Steve Little

Personal information
- Nickname: Lightning
- Nationality: American
- Born: Steven K. Little June 9, 1965 Philadelphia, Pennsylvania, U.S.
- Died: January 30, 2000 (aged 34) West Reading, Pennsylvania, U.S.
- Height: 5 ft 10 in (178 cm)
- Weight: Light middleweight; Middleweight; Super middleweight; Cruiserweight;

Boxing career
- Reach: 72 in (183 cm)
- Stance: Orthodox

Boxing record
- Total fights: 45
- Wins: 25
- Win by KO: 6
- Losses: 17
- Draws: 3

= Steve Little (boxer) =

American boxer (1965–2000)

Steve Little (June 9, 1965 – January 30, 2000) was an American professional boxer who competed from 1983 to 1998, having held the WBA super middleweight champion in 1994. He is best known for his victories over Pipino Cuevas and Michael Nunn.

==Amateur boxing career==
Little won 228 of 265 amateur bouts and fought in eight amateur weight classes, ranging from 80 lb to 156 lb.

==Professional boxing career==
Little turned professional in 1983 and while he won his first four bouts, he soon started compiling losses including to former WBC light middleweight champion Terry Norris. Even with a mediocre record, he fought for the WBO light-middleweight title against John David Jackson in 1989. He lost by a technical knockout. He retired for a short time after that fight.

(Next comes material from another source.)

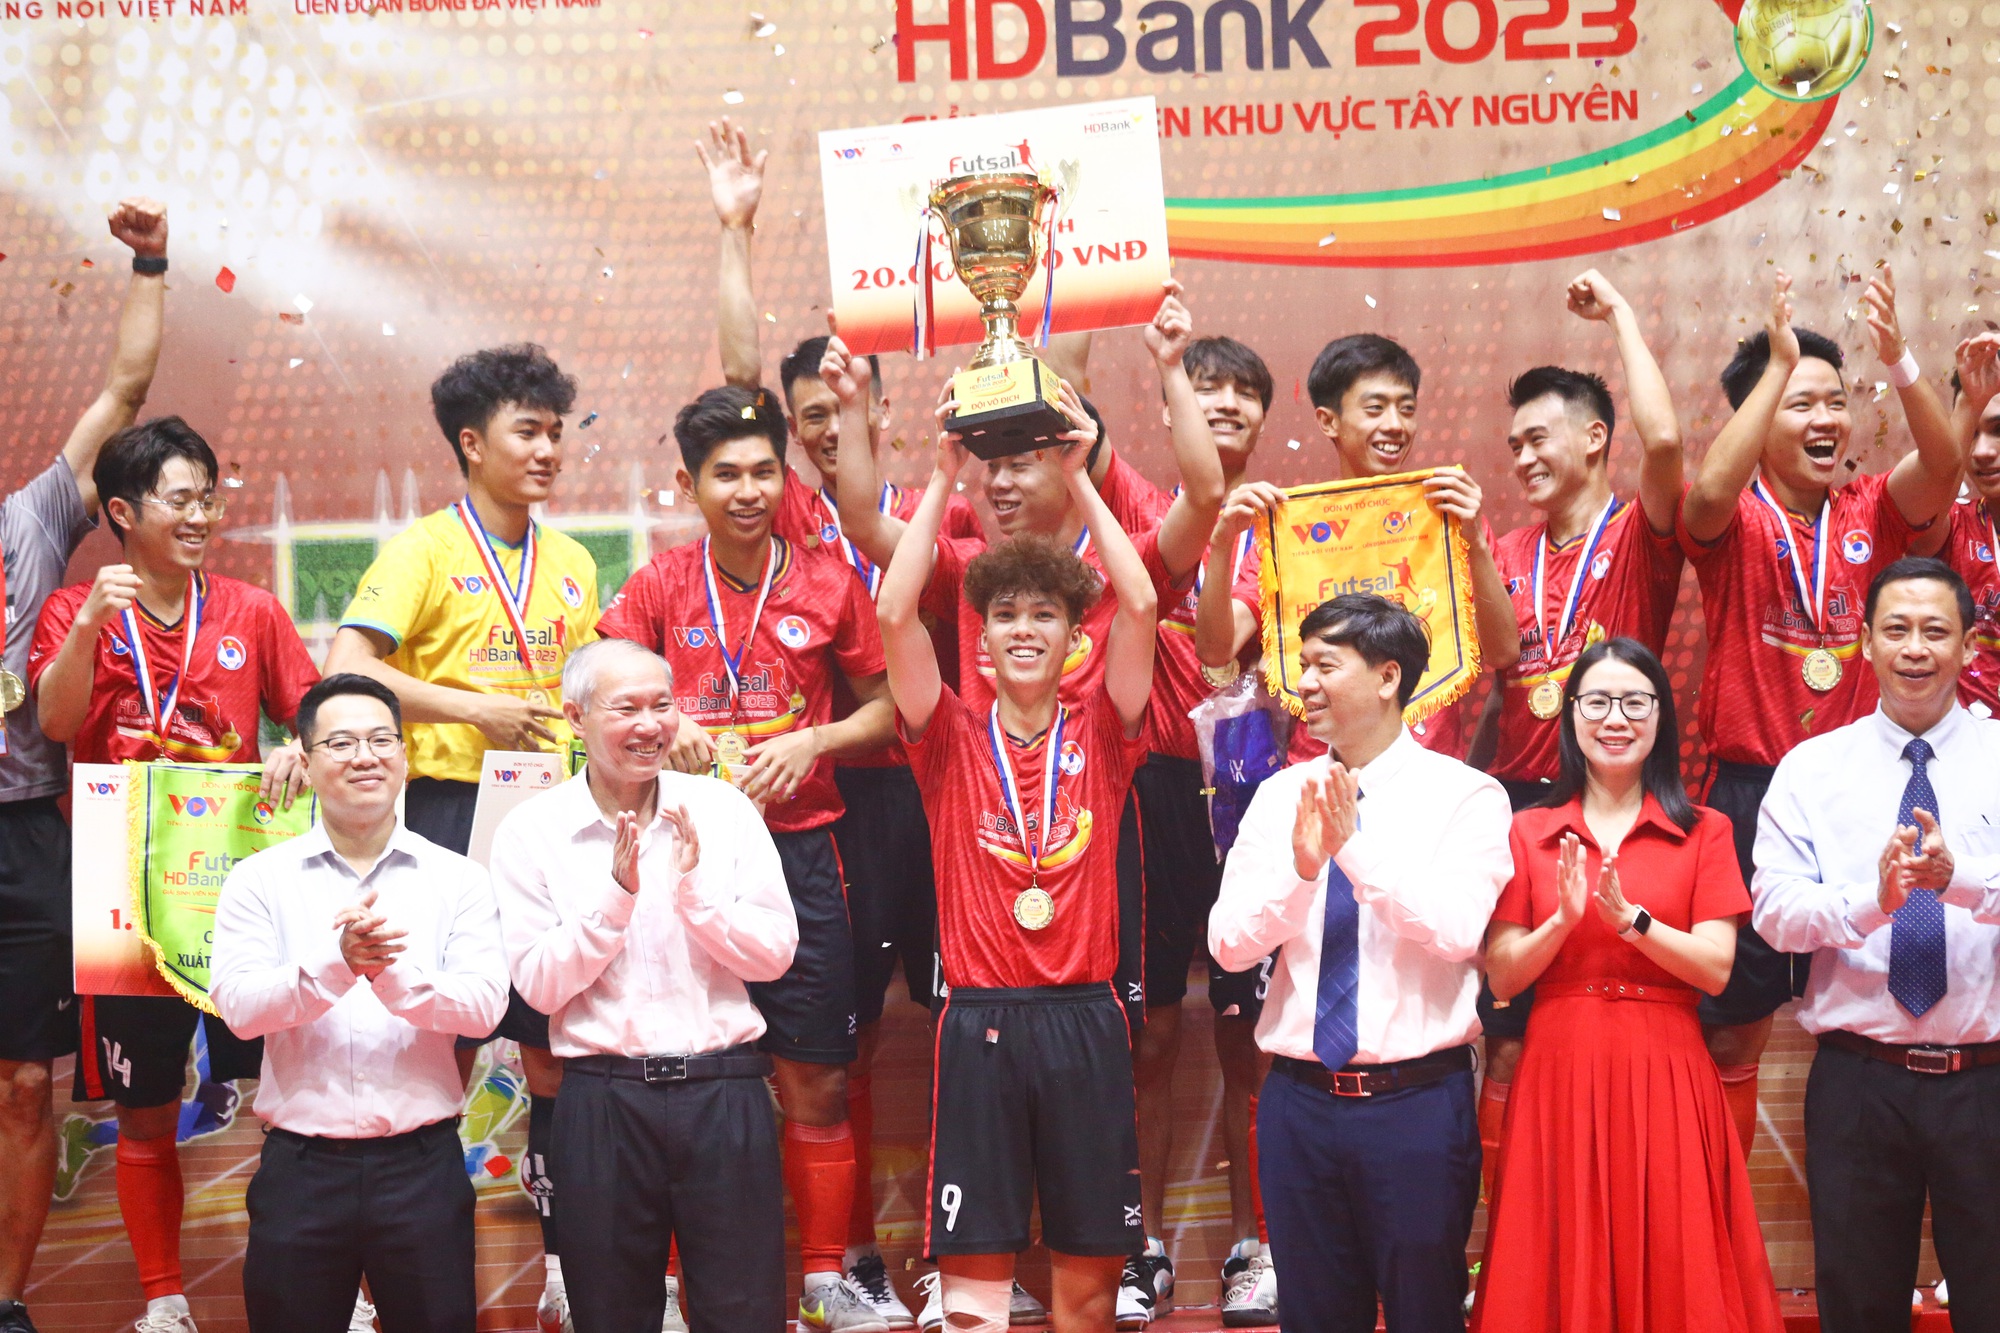 Trường ĐH Đà Lạt vô địch giải futsal HDBank Sinh viên Tây Nguyên 2023 - Ảnh 1.
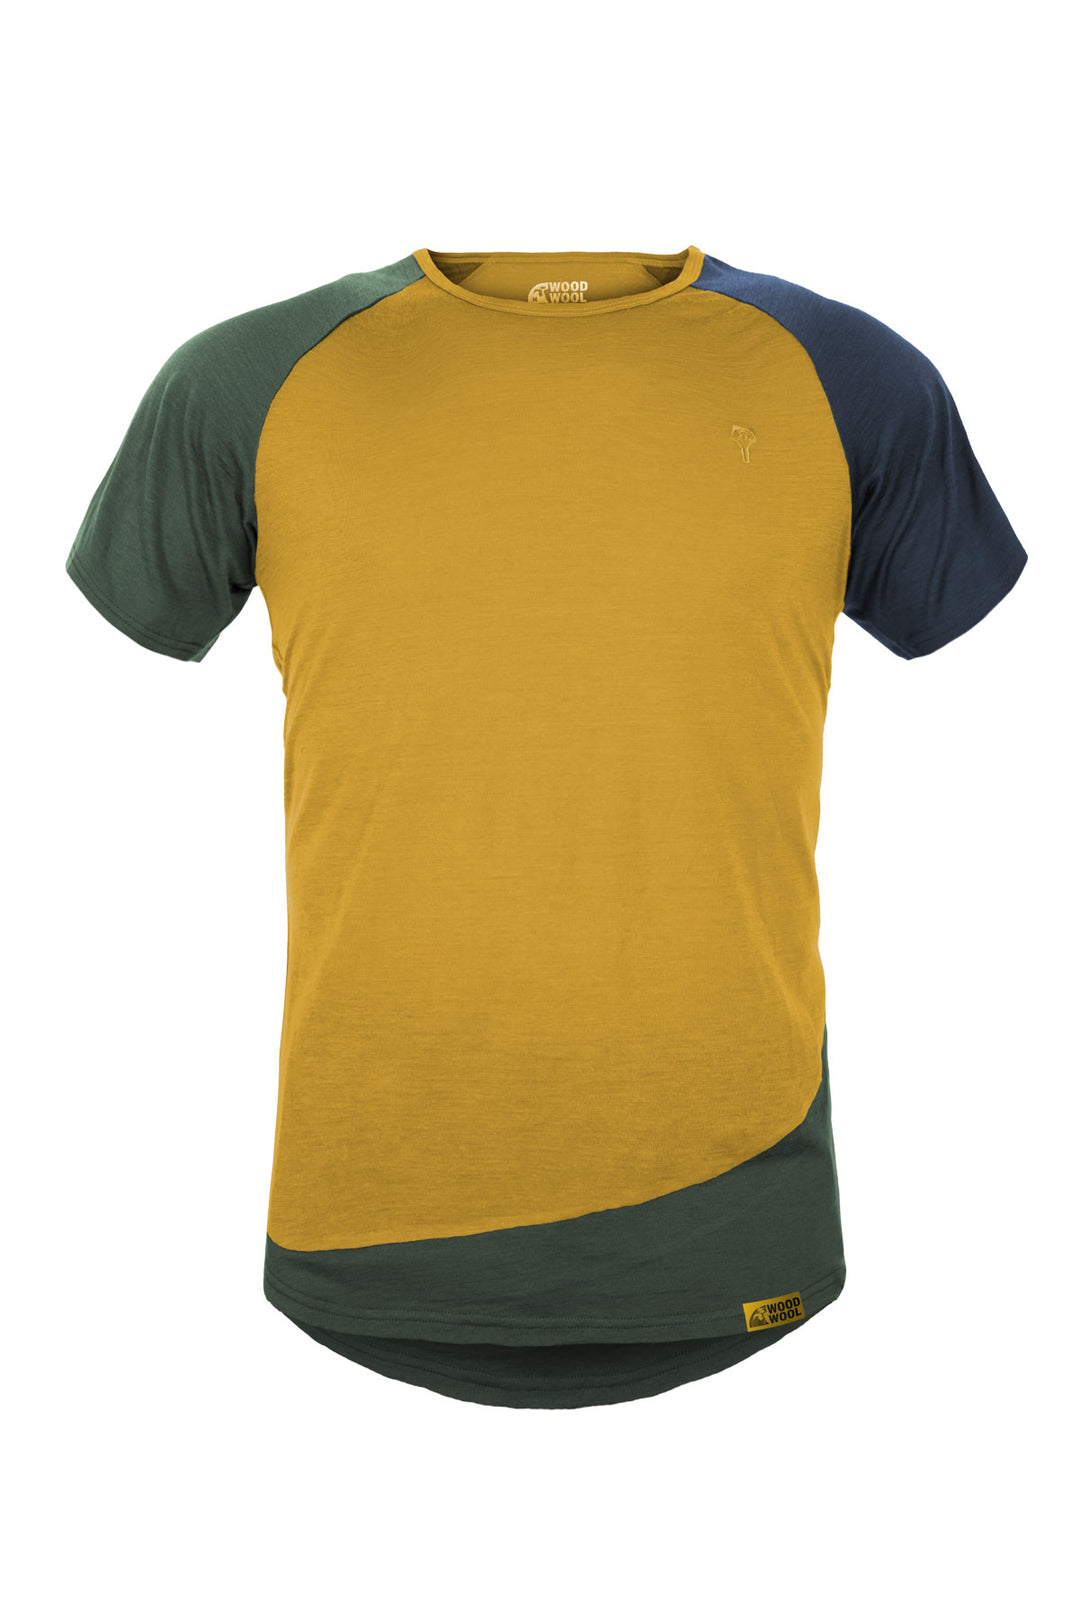 WoodWool T-Shirt Mr. Kirk - Daisy Daze Yellow

In 1994 he scored an upset victory over Lineal and WBA super-middleweight champion Michael Nunn by split decision in London. He lost the belt in his first defense to Frankie Liles, losing a decision. Although he later fought James Toney and Arthur Williams, he never fought for another major title.

Besides being a professional boxer, Little also sold used cars in Reading.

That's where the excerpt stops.